# Tabelle verzerrt/ verzogen - benötige Hilfe



## xXRoggieXx (7. Januar 2011)

Hallöle zusammen,

ich hoffe ich verstoße jetzt nicht gegen irgendwelche Regeln aber ich habe leider keinen direkten Bereich dafür gefunden und darüber hinaus wusste ich nicht genau, wie konkret ich mein Anliegen in den Titel quetschen könnte.
Zur Sache... Ich bastel derzeit an einer Seite und habe auch schon einen Freund darum gebeten den Quellcode zu überprüfen aber auch er, hat den Fehler nicht gefunden.

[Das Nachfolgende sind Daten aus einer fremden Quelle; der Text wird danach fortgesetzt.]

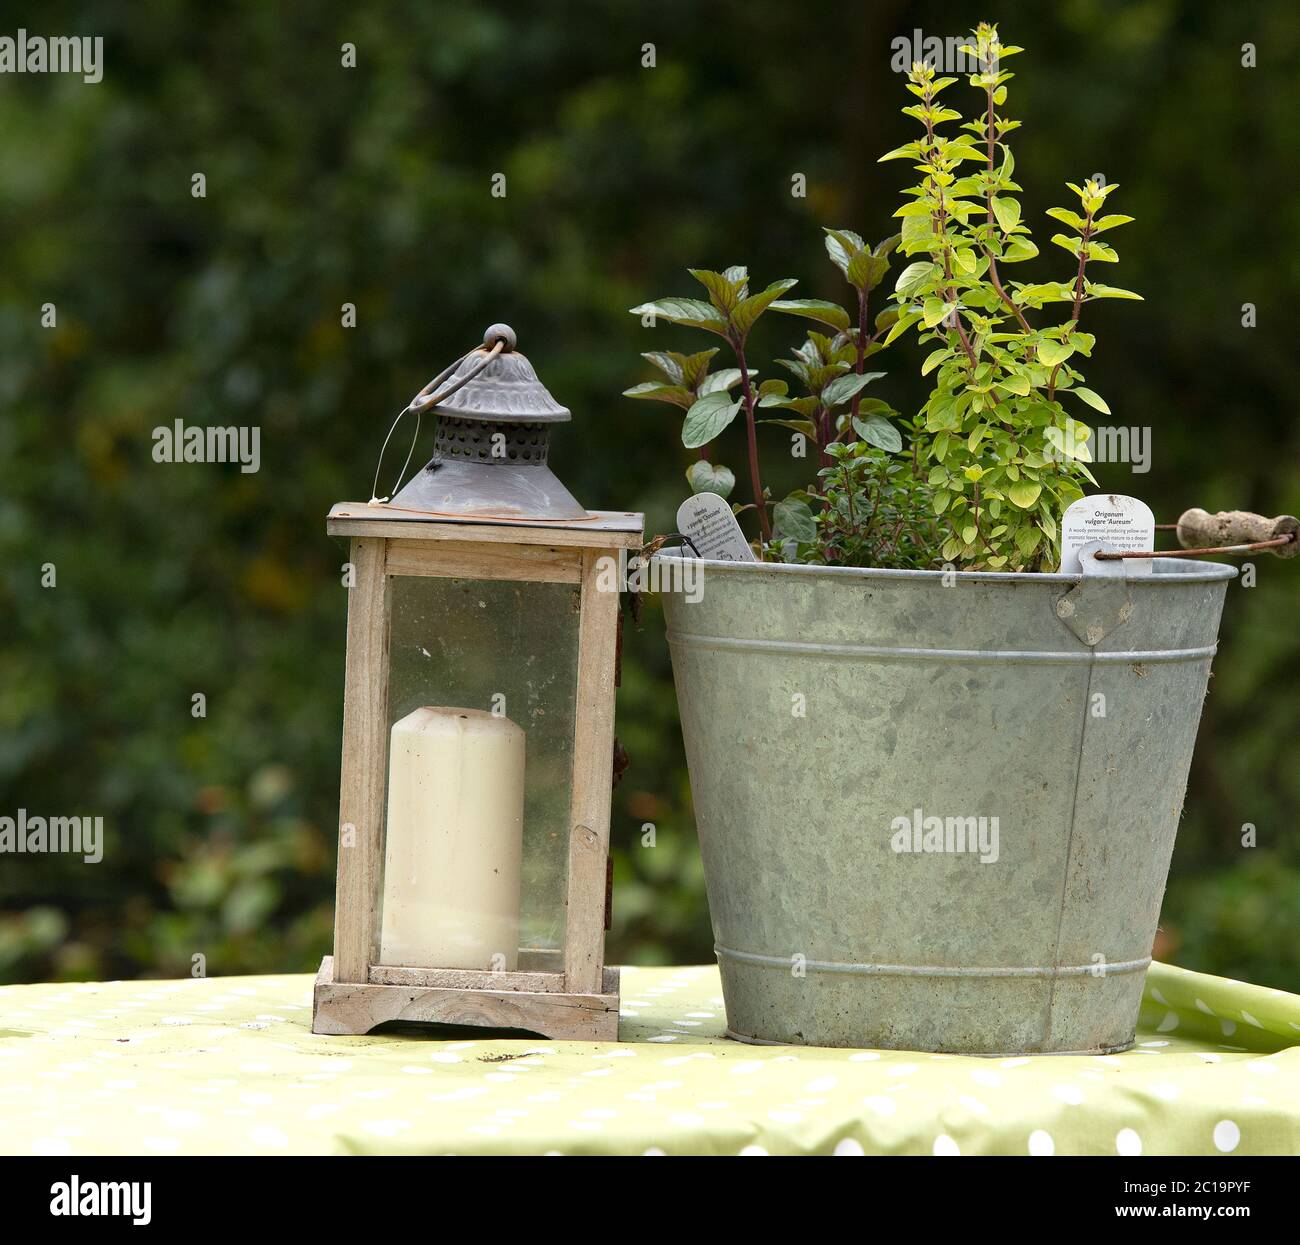 lantern and herb garden Stock Photo

Hier erst mal der Link zur Seite: Website - Ansicht

Und hier habe ich den Quellcode einfach mal als Txt-Datei hochgeladen: Quellcode - Textdatei

Ich hoffe das geht so in Ordnung, falls nicht poste ich den Code auch direkt hier rein.
Wäre nett wenn es möglich wäre, wenn jemand mal rüberschauen könnte und mir sagen, wo mein Fehler liegt.

Mit freundlichen Grüßen
Roggie

PS: Sicherheitshalber, habe ich die .txt dem Anhang hinzugefügt.


----------



## harryman (7. Januar 2011)

Hi,

ist alles etwas unübersichtlich, aber ich denke, dein Tabellenaufbau ist nicht ganz konsistent.
z.B. Zeile 1 besteht aus 3 Spalten und Zeile 2 aus ca. 12 Spalten.
Da du nirgendwo ein colspan drin hast, ist es logisch, dass in Zeile 2 die Spalten 4-12 recht daneben stehen.
Setze mal border="1" für deine Tabelle (damit du den Tabellenaufbau besser siehst) und sorge mit colspan bzw. rowspan dafür, dass die Spalten- und Zeilenanzahl immer passt.
Des Weiteren würde ich dir empfehlen, deine Seite mit einem DOCTYPE zu beginnen und den Code durch einen Validator zu jagen. Die dabei angezeigten Fehler würde ich auch noch entfernen....


----------